9. Eye Discharge, Red Eye, Pink Eye, or Cloudy Eye
Eye discharge may be the result of allergies, but it could also represent an ulcer, glaucoma, or internal eye inflammation called uveitis. These diseases can all cause your dog to lose their vision, so it is important to diagnose and treat them promptly.
10. Hair Loss
Hair loss without itching can be related to issues with your dog’s thyroid or adrenal glands, and should be evaluated.
11. Not Eating, Vomiting, Upset Stomach
While mild cases of upset stomach can be treated with diet change, vomiting or not eating can lead to dehydration and can indicate a more serious issue. Your vet can perform bloodwork and take X-rays to ensure your dog doesn’t have an intestinal blockage or another more serious condition that leads to these symptoms.
Though joint supplements available over the counter (such as glucosamine) can support your dog’s joint health, true pain (especially arthritis pain or other pain that causes limping) usually requires anti-inflammatory treatment. With some conditions, surgery may even be needed to make your dog feel well again.

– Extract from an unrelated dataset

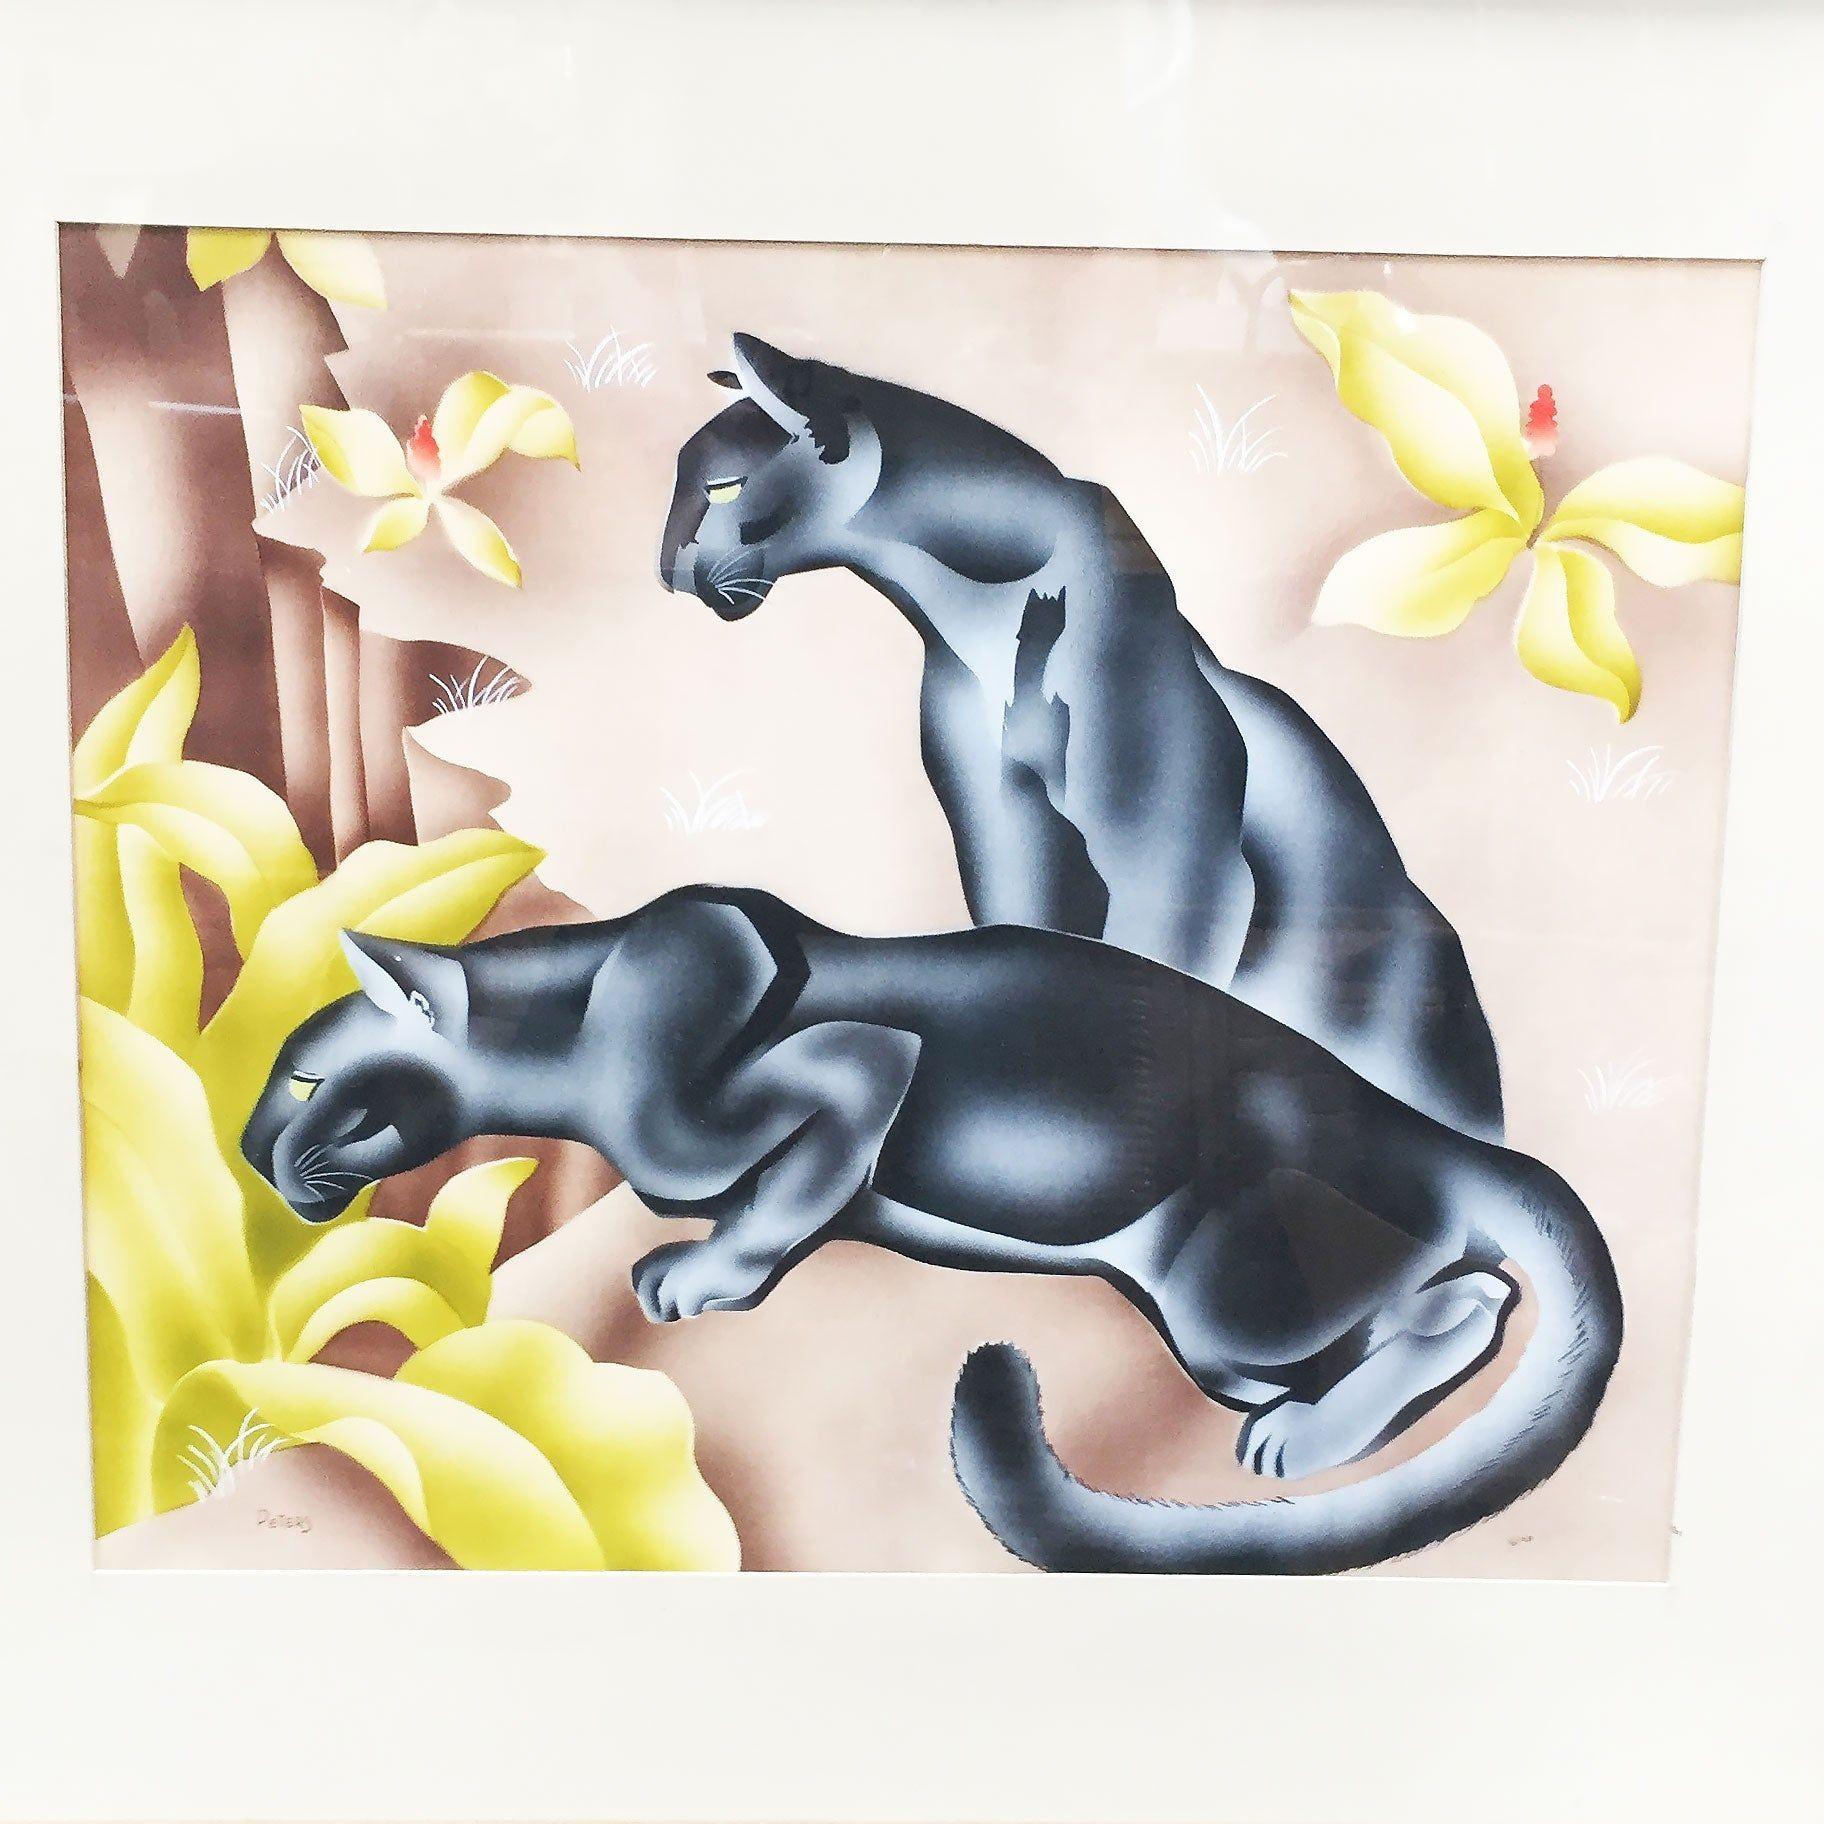 Mid-Century-Ära tropischen Airbrush Kunstwerk Aquarell Panther Malerei auf Papier. Unterschrieben Peters.

Maße: Rahmen 35

Never give your dog human medications or over-the-counter medications without first chatting with your veterinarian.
There are many over-the-counter dewormers available, but knowing what parasite needs to be treated (by letting your vet run a fecal sample) will help make sure the appropriate schedule is followed to eliminate that parasite. Some dewormers do not treat all worms, and others will only kill worms in a certain stage. Your vet can help navigate the therapy for faster resolution.